Whilst the Alpari Group’s other companies around the world continue trading unaffected, and the initial view of the Special Administrators appointed for Alpari UK on 19 January 20151 is that client monies remain intact, clients were not so fortunate following the high-profile collapse of broker MF Global in 2011. MF Global’s bankruptcy was the largest Wall Street collapse since Lehman Brothers in 2008, and when the fallout of the administration of its UK subsidiary MF Global UK Ltd (MFGUK) reached the English courts, it was the first major case to illustrate the implications of the leading Supreme Court decision on CASS, which arose from the Lehman litigation, Lehman Bros International (Europe) v CRC Credit Fund Ltd  UKSC 6.
CASS 7 requires that client money received by a regulated firm should be segregated from the firm’s own funds and held on statutory trust for the clients. Failure of a firm is designated as a “primary pooling event” which causes all client money in a client bank or transaction account to be treated as a single notional pool of client money held for the beneficiaries of the pool, who have proprietary claims to a rateable share in the pool.
In the case of MFGUK, however, a significant proportion of client monies was found to have been mixed with money held beneficially on MFGUK’s own accounts. This left clients affected by the shortfall with the option either of seeking to identify client money in MFGUK’s house accounts in order to establish proprietary claims, or of pursuing personal claims for breaches of trust. The difficulties involved in establishing these claims led, instead of litigation, to a creative compromise agreement, which is discussed below.
There are very real questions as to whether complex client money claims involving unsegregated money will ever be capable of proportionate litigation following the Supreme Court’s decision in the Lehman case, a problem of which the administrators of MFGUK were acutely aware.

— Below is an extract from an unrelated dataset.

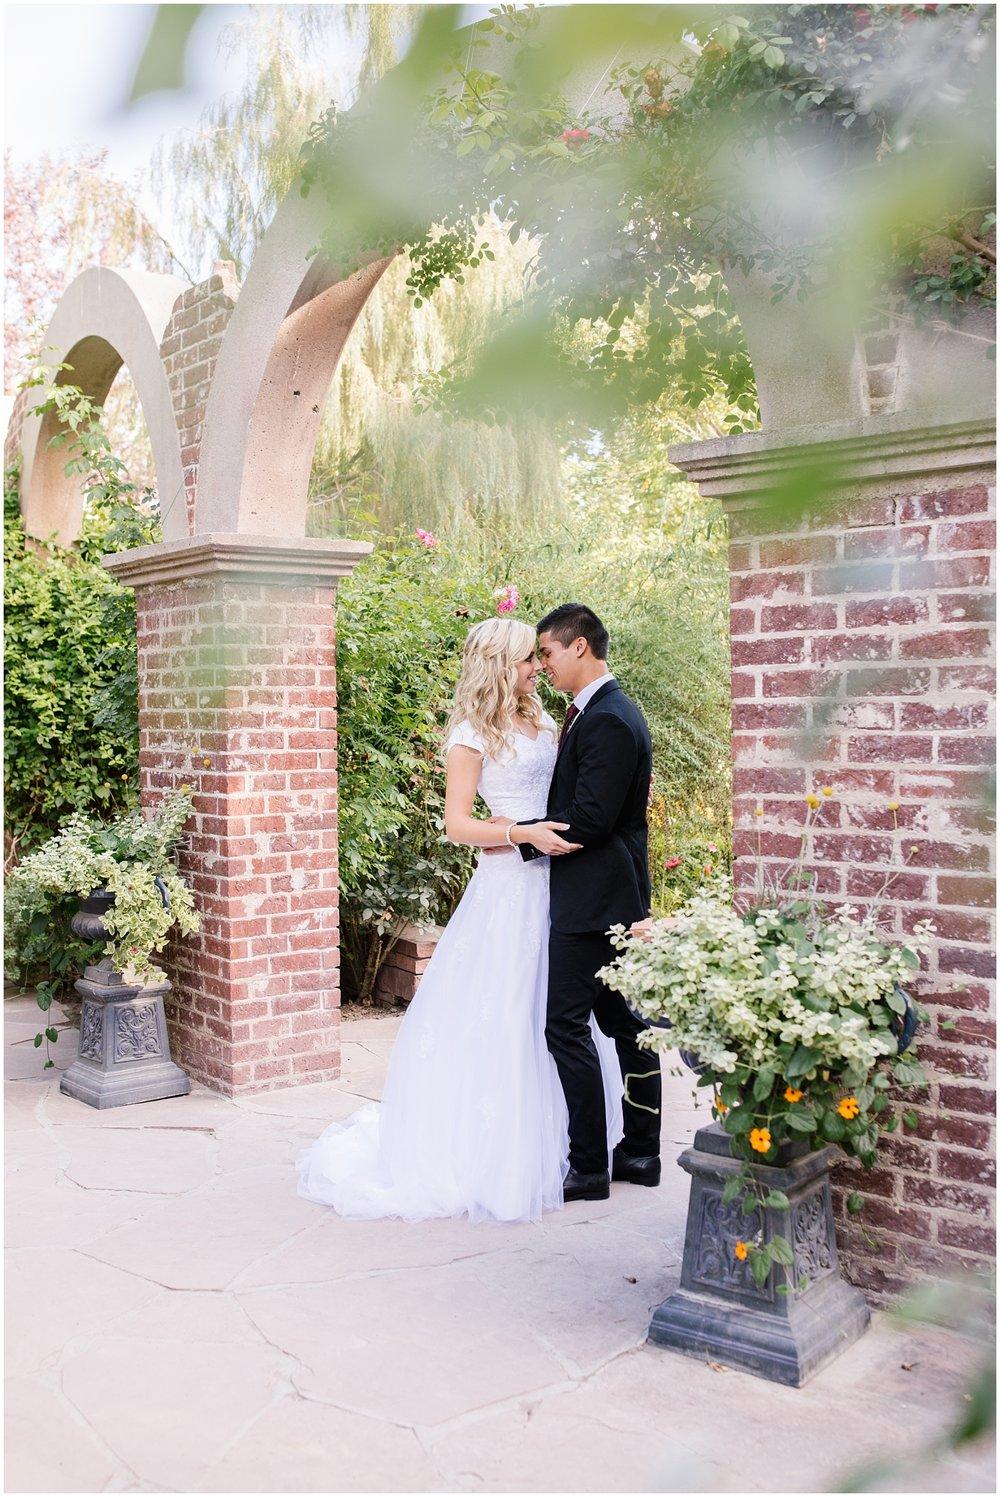 CHBridals-29_Lizzie-B-Imagery-Utah-Wedding-Photographer-Salt-Lake-City-Park-City-Thanksgiving-Point-Ashton-Gardens.jpg

The peculiarities of brokerage business models raise particularly interesting issues in relation to client money should a firm fail, albeit the fundamental principles are the same as for any firm. For example, what happens if the client alleges that before a primary pooling event the broker negligently failed to open a position it was instructed to? Or if the broker opened a position without the client’s consent and the client incurred losses?
Brokers occupy an unusual position in relation to client money because of the different forms of broking activity. Interdealer brokers play a crucial role in providing banks and other institutions with liquidity, particularly in over-the-counter (OTC) wholesale financial markets including in cash deposits, derivatives, securities, commodities, equities and credit. Ordinarily transactions proceed on a non-advised basis. There are three main models of broking:
- Name passing/name give-up (the traditional model): the broker arranges a transaction between two counterparties whose identities are not disclosed. Once the terms are agreed, the counterparties’ names are disclosed, the broker drops out of the transaction and a bilateral contract is entered into between the counterparties which they settle mutually. The broker is paid by way of commission and will not ordinarily be in receipt of client money.

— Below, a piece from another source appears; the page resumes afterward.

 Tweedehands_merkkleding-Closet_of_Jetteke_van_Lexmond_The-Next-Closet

- Matched principal: the broker enters into simultaneous or near-simultaneous matched transactions as counterparty of both buyer and seller. The broker acts as principal in each transaction, but only on client orders rather than speculatively for its clients or for its own account. Matched principal broking preserves anonymity for the clients, but exposes the broker to a level of risk while it holds positions. The clients settle with the broker within a specified time period, and the broker will be holding client money while there are outstanding settlements.
- Exchange give-up: the broker places an order on a derivative exchange such as LIFFE, Eurex and ICE Futures on the instructions of the client, either in the broker’s own name (if it is a member of the exchange) or via a third party. The executed transaction is then given up to the client, usually by the end of the day. The broker generally has intraday exposure until the position is settled by the client.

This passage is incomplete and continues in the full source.